Look below for the line with "Oct_13_Fashion-Halloween-Witch-01a-02.jpg" and the line with "IoT 位置情報管理 アプリ bambiD Viewer"; repeat exactly those two lines and all lines between them, but no pictures.

── AVAILABLE DATA ──

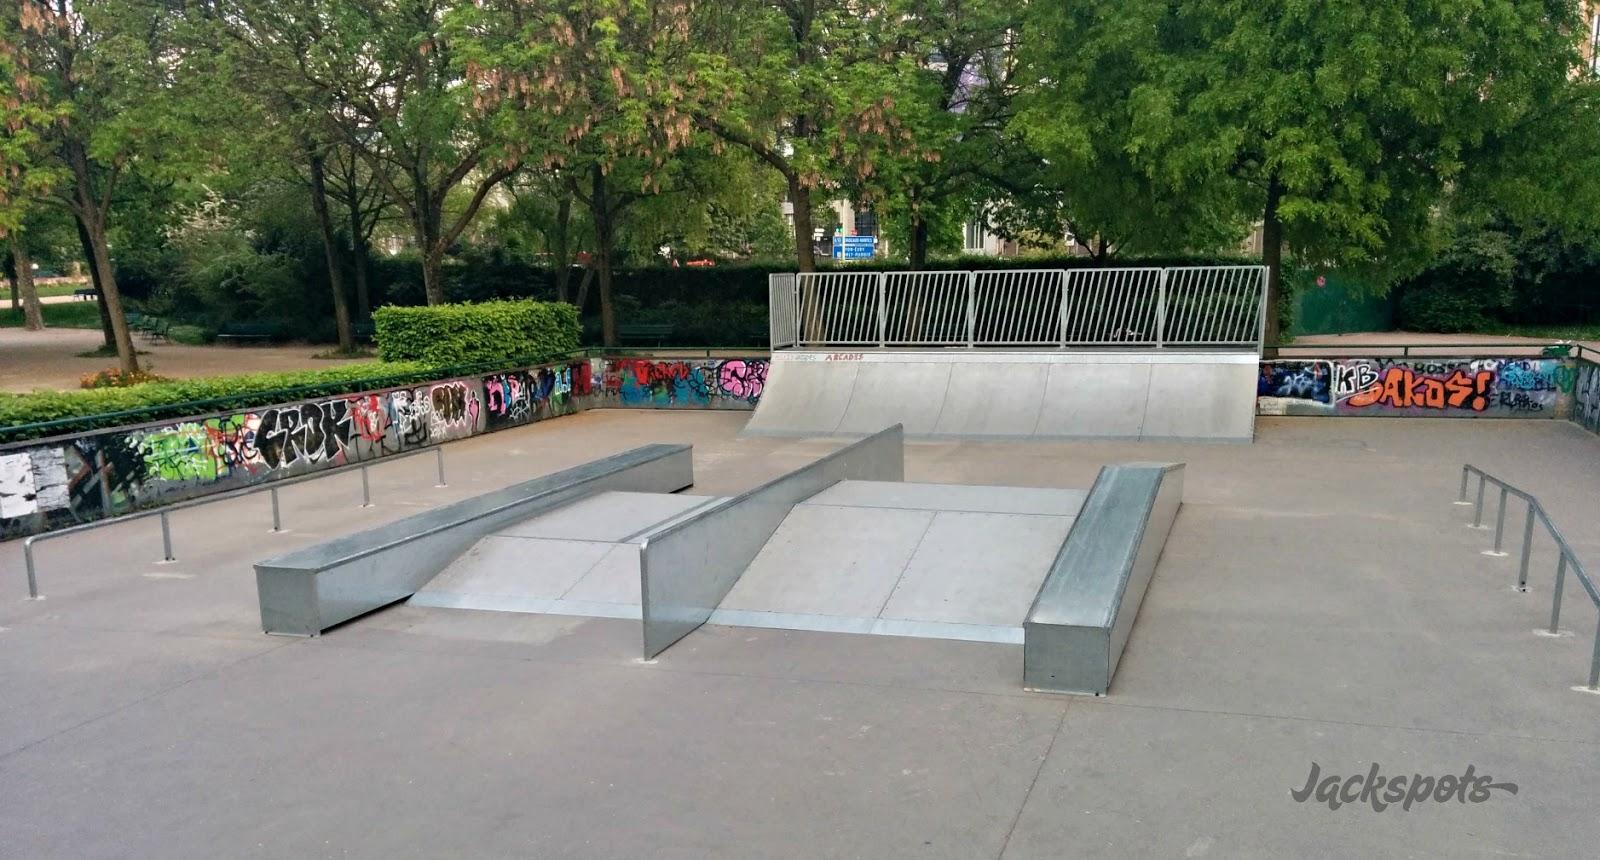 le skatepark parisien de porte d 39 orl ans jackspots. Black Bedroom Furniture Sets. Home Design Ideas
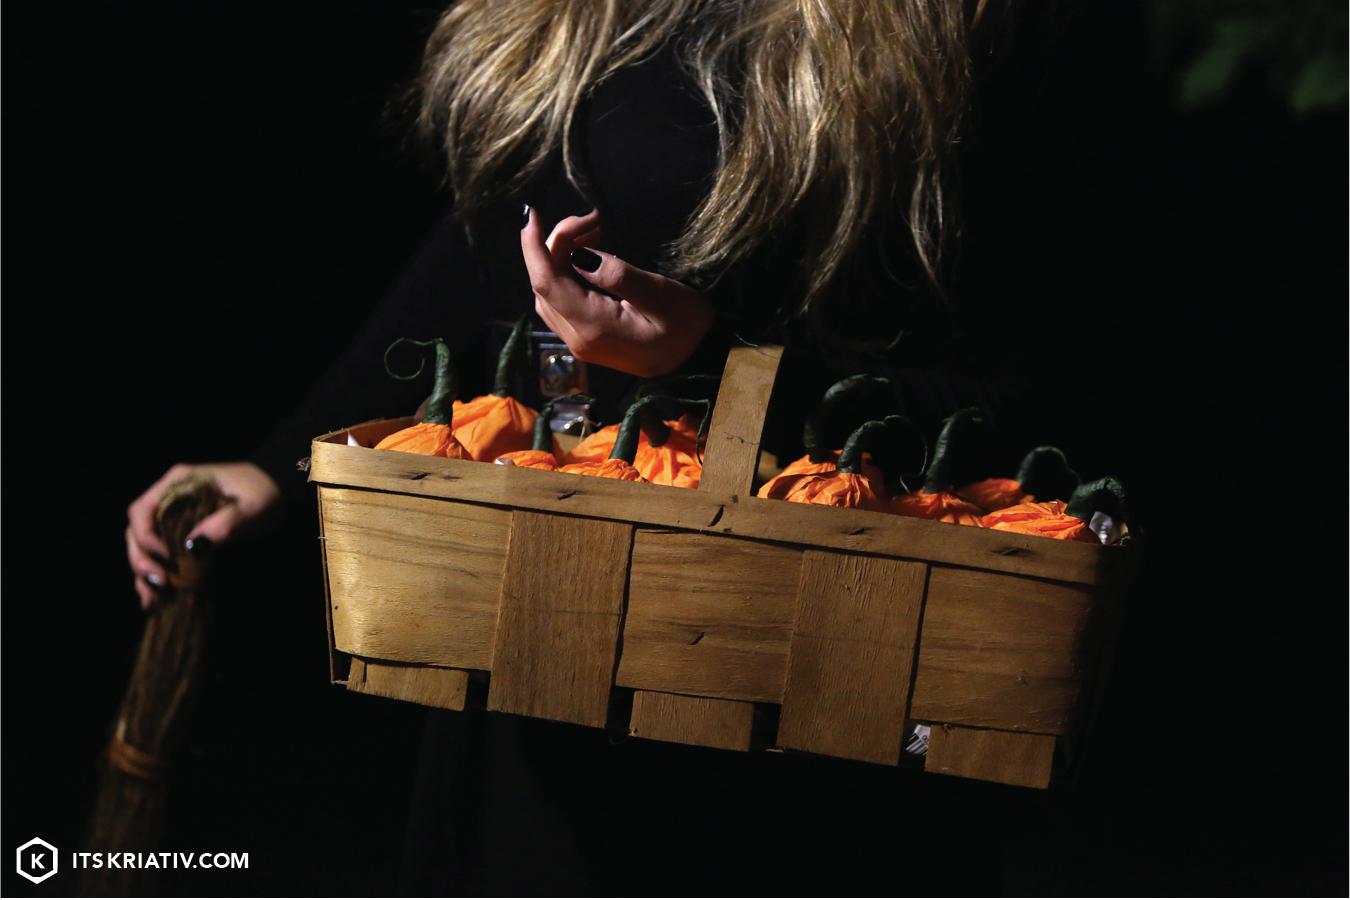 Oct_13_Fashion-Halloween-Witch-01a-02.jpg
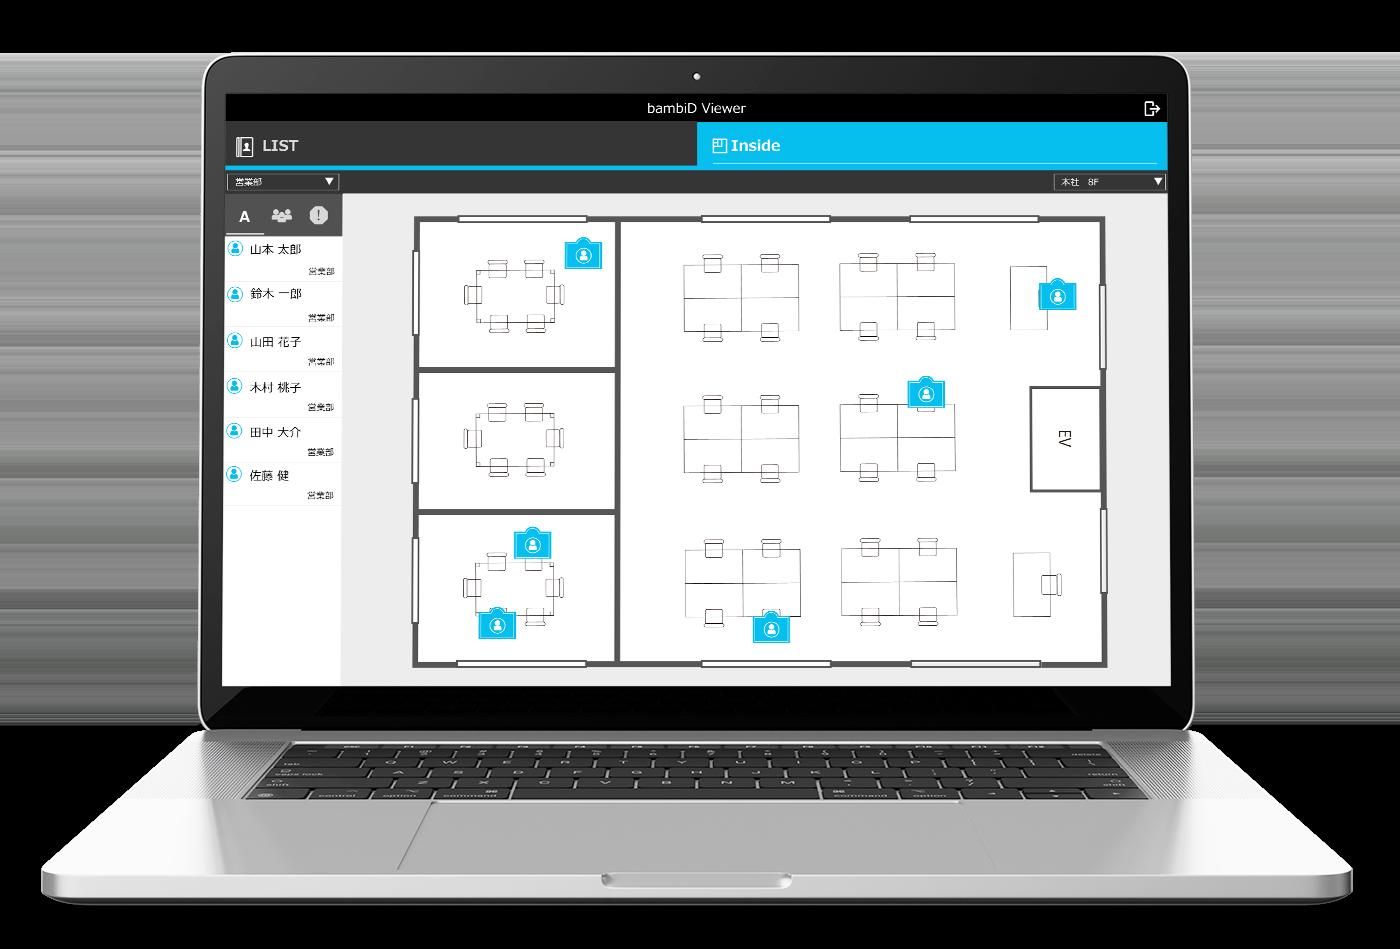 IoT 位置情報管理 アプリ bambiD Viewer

───
── AVAILABLE DATA ──

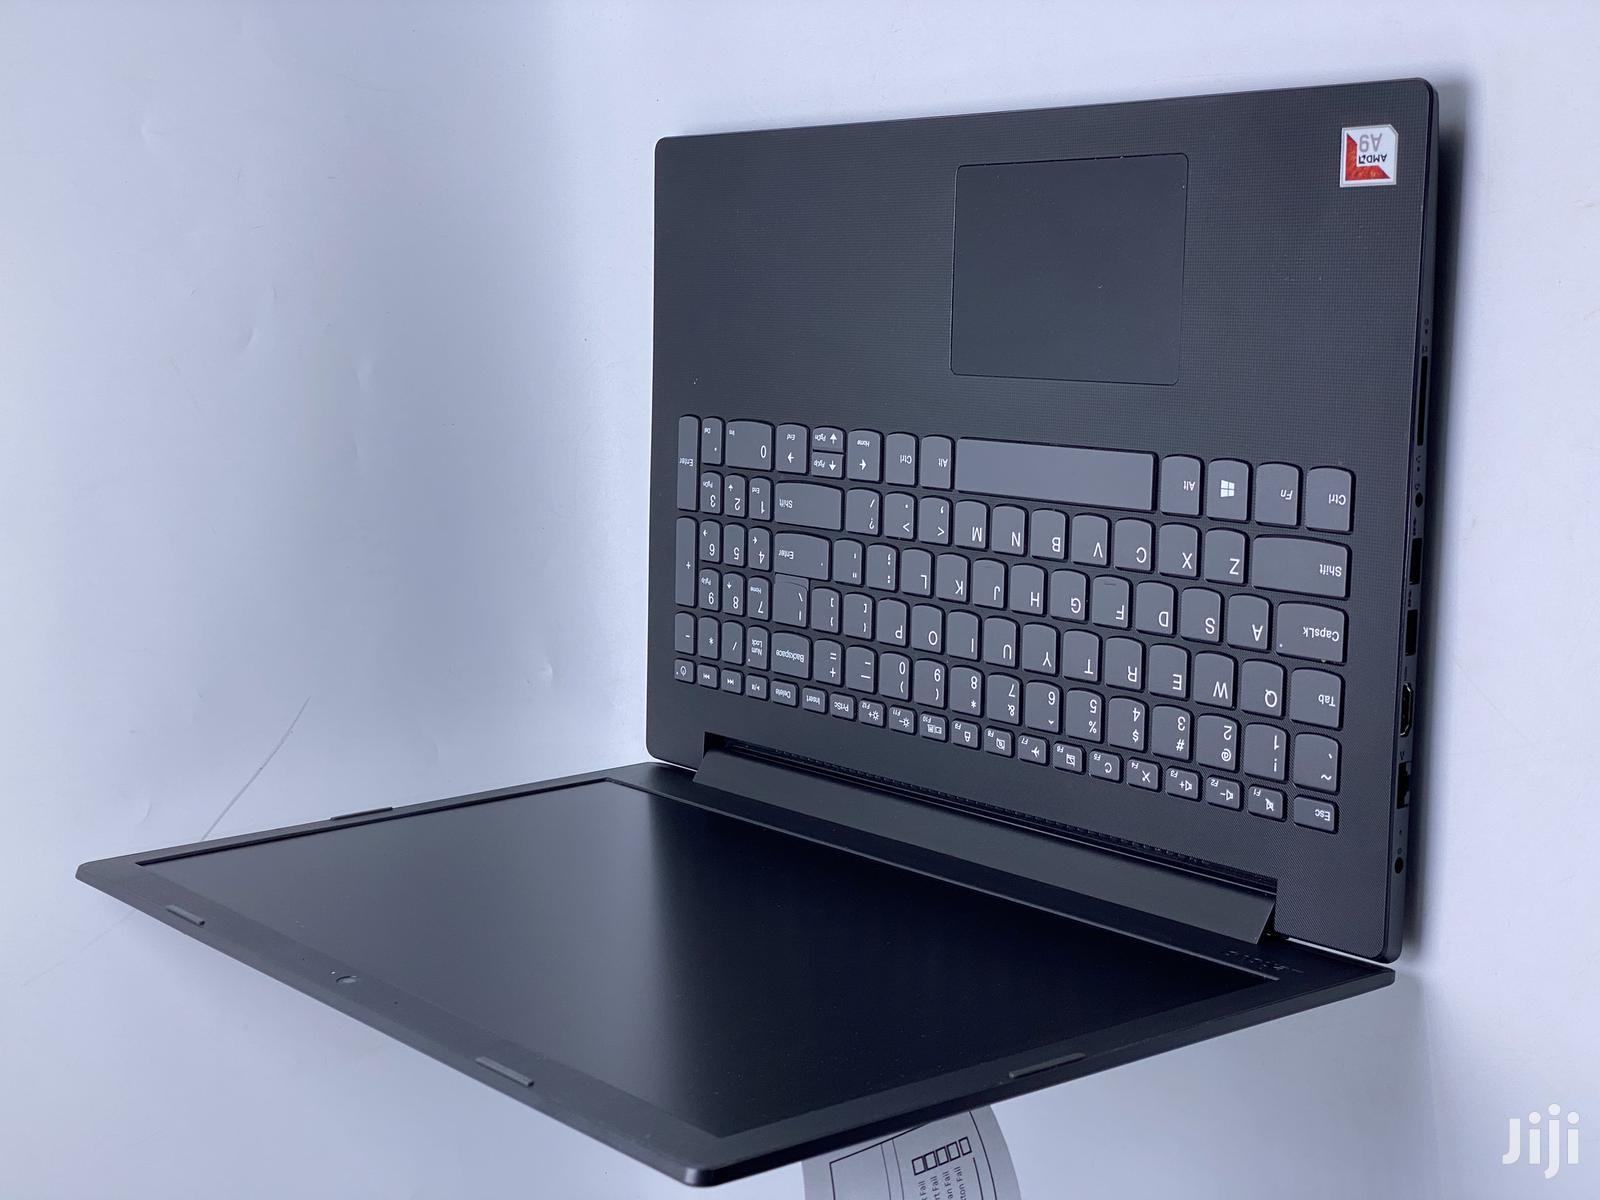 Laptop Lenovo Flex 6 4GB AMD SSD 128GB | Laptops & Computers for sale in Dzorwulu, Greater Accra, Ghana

───
── AVAILABLE DATA ──

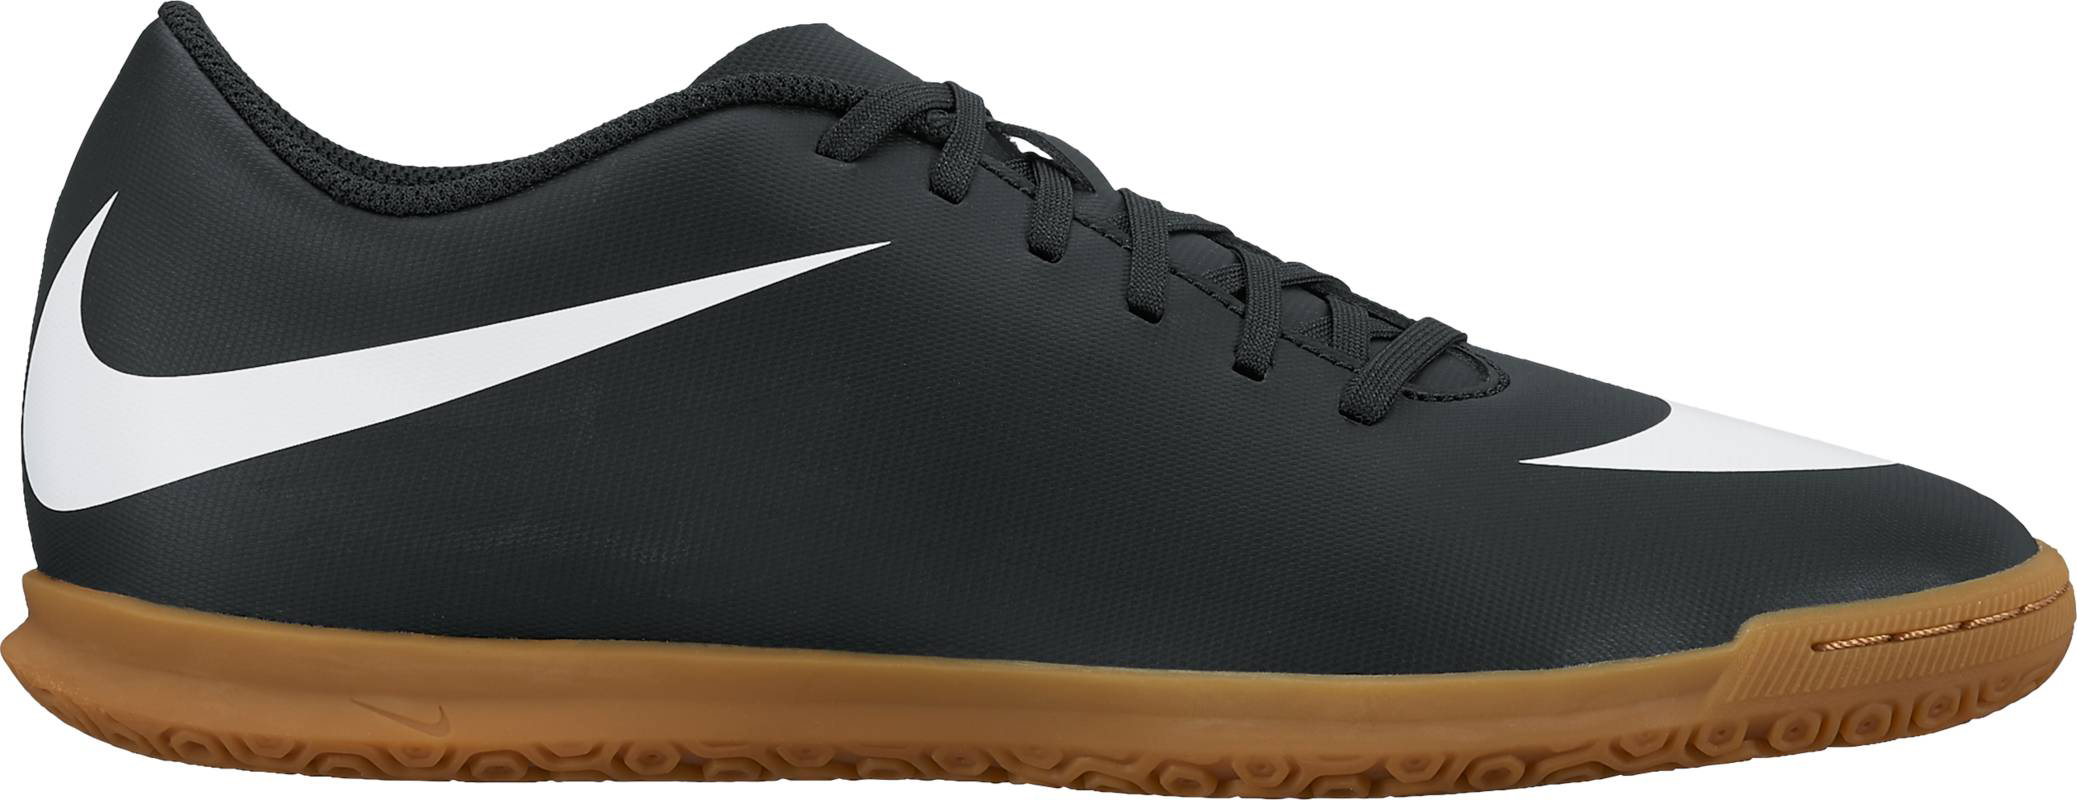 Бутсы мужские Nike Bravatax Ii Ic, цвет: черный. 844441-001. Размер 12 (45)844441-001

───

--- RESPONSE BELOW ---
 Oct_13_Fashion-Halloween-Witch-01a-02.jpg
 IoT 位置情報管理 アプリ bambiD Viewer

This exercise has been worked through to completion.